Eunoia - Christian Bok

EUNOIA

CHRISTIAN BÖK

COACH HOUSE BOOKS

Copyright © Christian Bök, 2009

UPGRADED EDITION

This epub edition published in 2010. Electronic ISBN 978 1 77056 259 2.

Published with generous assistance from the Canada Council for the Arts and the Ontario Arts Council. Coach House Books also appreciates the support of the Government of Canada through the Book Publishing Industry Development Program.

LIBRARY AND ARCHIVES CANADA

CATALOGUING IN PUBLICATION DATA

Bök,Christian, 1966–

    Eunoia / Christian Bök –New ed.

Poems.

ISBN 978-1-55245-225-7

    I.Title.

PS8553.04727E86 2009      C811'.54      C2009-904269-X

Source of my being, and my life’s support!

EUNOIA call’d in this celestial Court.

William Hayley

The Triumphs of Temper (1781)

for the new

ennui in you

EUNOIA

CHAPTER A

CHAPTER E

CHAPTER I

CHAPTER O

CHAPTER U

OISEAU

VOYELLES

VOWELS

PHONEMES

VEILS

VOCABLES

AEIOU

AND SOMETIMES

VOWELS

H

W

EMENDED EXCESS

THE NEW ENNUI

EUNOIA

CHAPTER A

for Hans Arp

Awkward grammar appals a craftsman. A Dada bard as daft as Tzara damns stagnant art and scrawls an alpha (a slapdash arc and a backward zag) that mars all stanzas and jams all ballads (what a scandal). A madcap vandal crafts a small black ankh – a hand-stamp that can stamp a wax pad and at last plant a mark that sparks an ars magna (an abstract art that charts a phrasal anagram). A pagan skald chants a dark saga (a Mahabharata), as a papal cabal blackballs all annals and tracts, all dramas and psalms: Kant and Kafka, Marx and Marat. A law as harsh as a fatwa bans all paragraphs that lack an A as a standard hallmark.

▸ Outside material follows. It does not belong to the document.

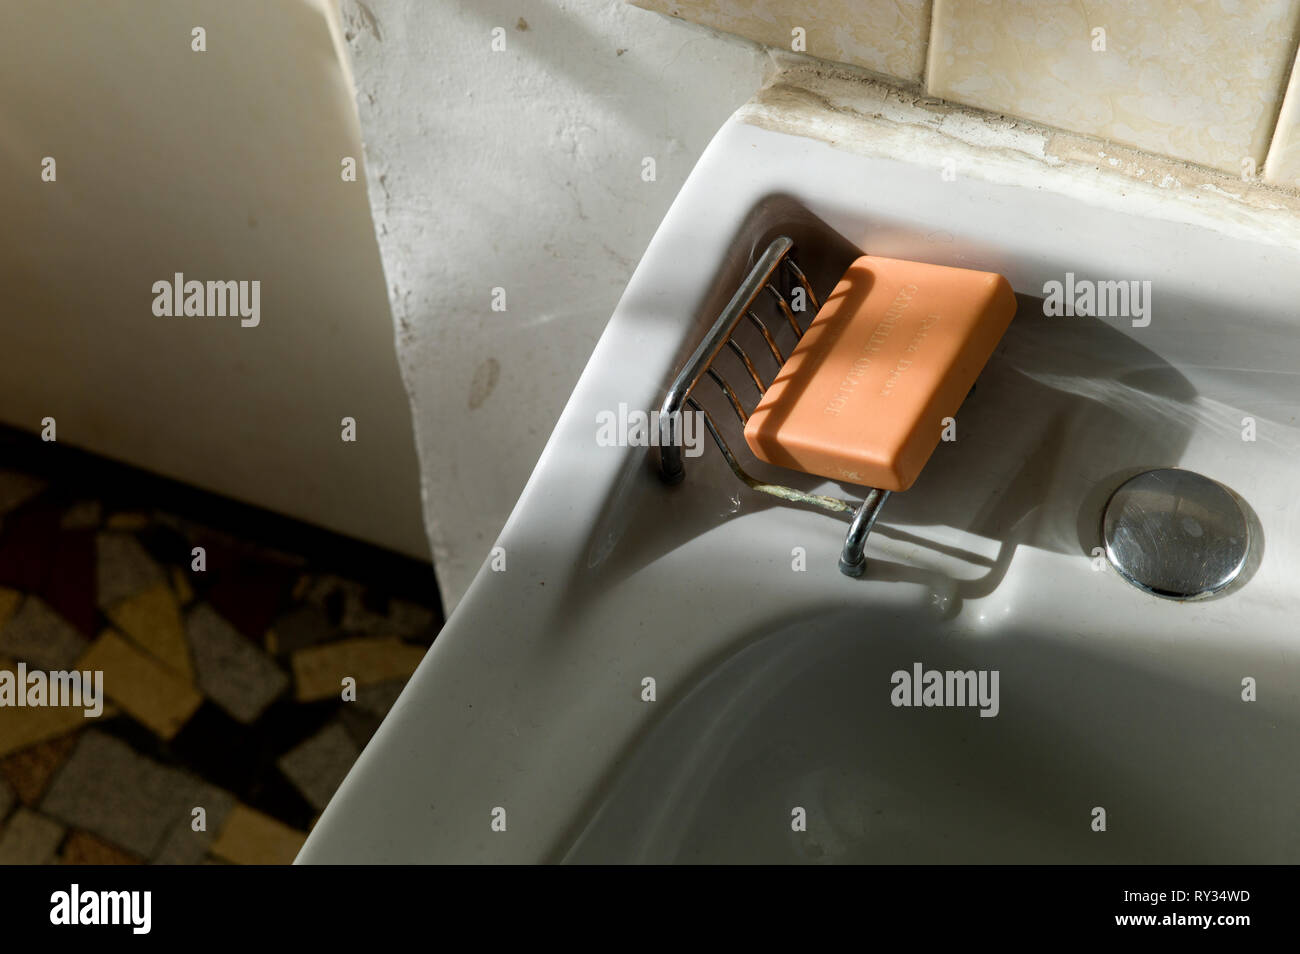 New bar of soap in old bathroom in sunlight Stock Photo

Hassan Abd al-Hassad, an Agha Khan, basks at an ashram – a Taj Mahal that has grand parks and grass lawns, all as vast as parklands at Alhambra and Valhalla. Hassan can, at a hand clap, call a vassal at hand and ask that all staff plan a bacchanal – a gala ball that has what pagan charm small galas lack. Hassan claps, and (tah-dah) an Arab lass at a swank spa can draw a man’s bath and wash a man’s back, as Arab lads fawn and hang, athwart an altar, amaranth garlands as fragrant as attar – a balm that calms all angst. A dwarf can flap a palm branch that fans a fat maharajah. A naphtha lamp can cast a calm warmth.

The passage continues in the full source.